There doesn't seem to be a page that tells you how to actually install and use a ******* program in wine.

Lots and lots of configurations and more configurations, but no 'how to use wine'!

I've heard that Crossover Office is easier for commandlinephobes.

I've searched the websites for both Wine and Crossover Office to find which ******* progs will run on each program. Wine's list is much longer. There are thousands of programs listed on the Crossover Office site, but most of them are marked 'untested'.

I thought Crossover Office was basically a gui for wine? If a program works in Wine, surely it will work in crossoveroffice?

An example would be Powertabs v1.7

connellr
April 12th, 2005, 04:47 AM
I deffinatly recomend Crossover Office (cxoffice). I have tried many times to convert from Windows to Linux and always failed until I got Crossover Office.

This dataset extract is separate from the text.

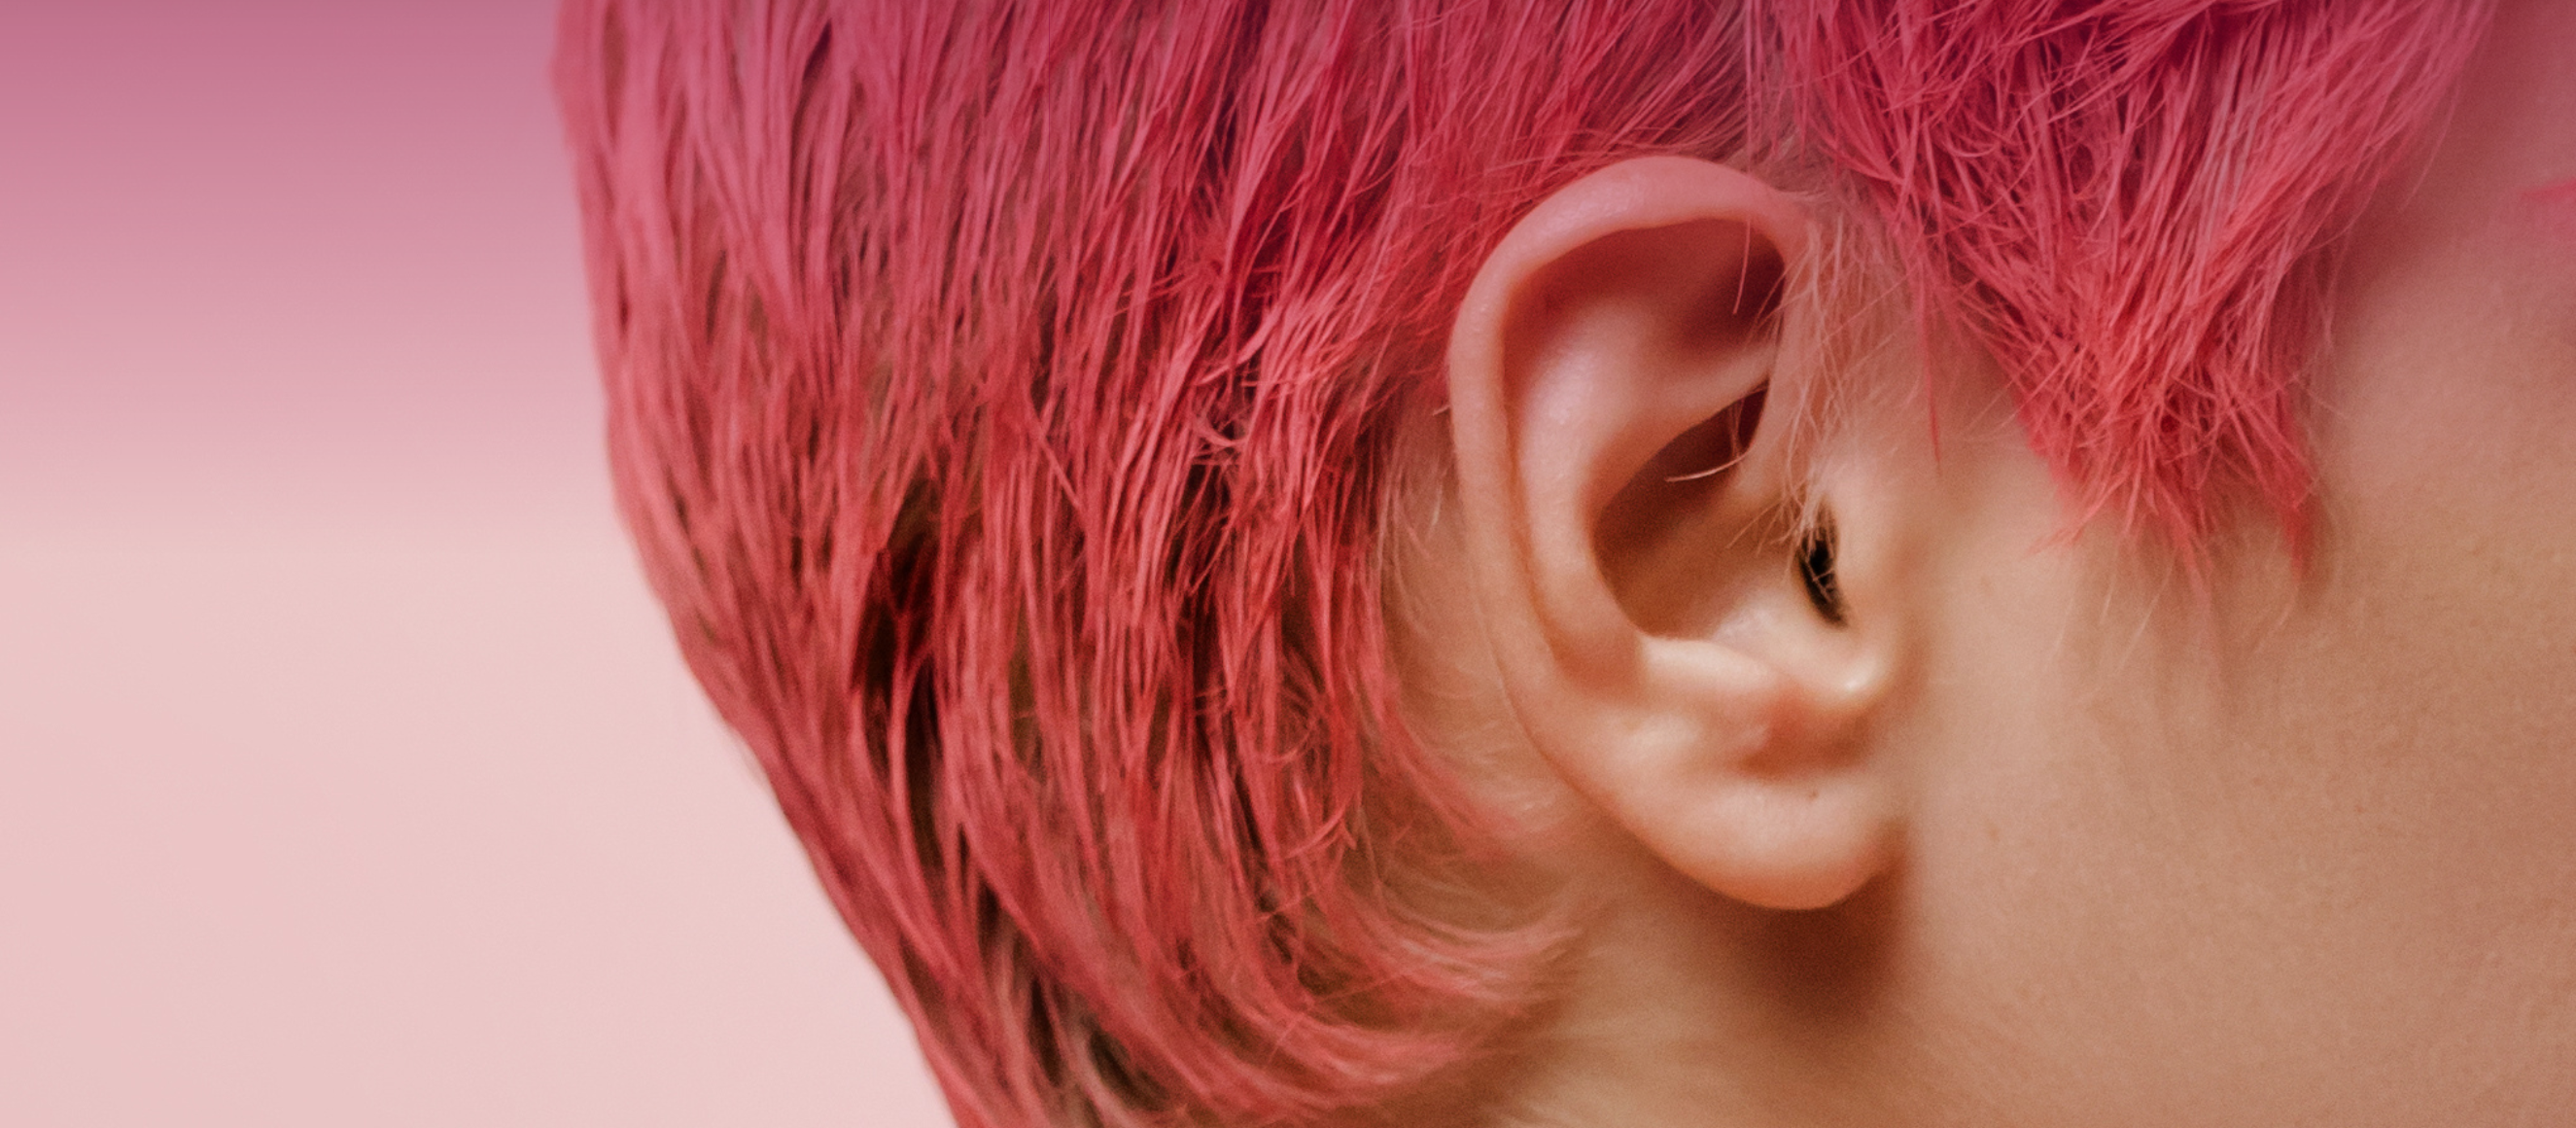 Close-up photo of the side of a woman's head and ear. Her hair is cut into a bright pink pixie cut.

I've got the following programs installed using cxoffice:
- Internet Explorer 6 (Only for pages that absolutly require it)
- Quicken 2004
- Microsoft Office
- All of the fonts I had in windows (had to copy some over manually rather than install)

Everything is launched easily if you install KDE (kubuntu) it will even add a section to your K-menu called "Windows Applications" that has all the windows installed apps for easy launching.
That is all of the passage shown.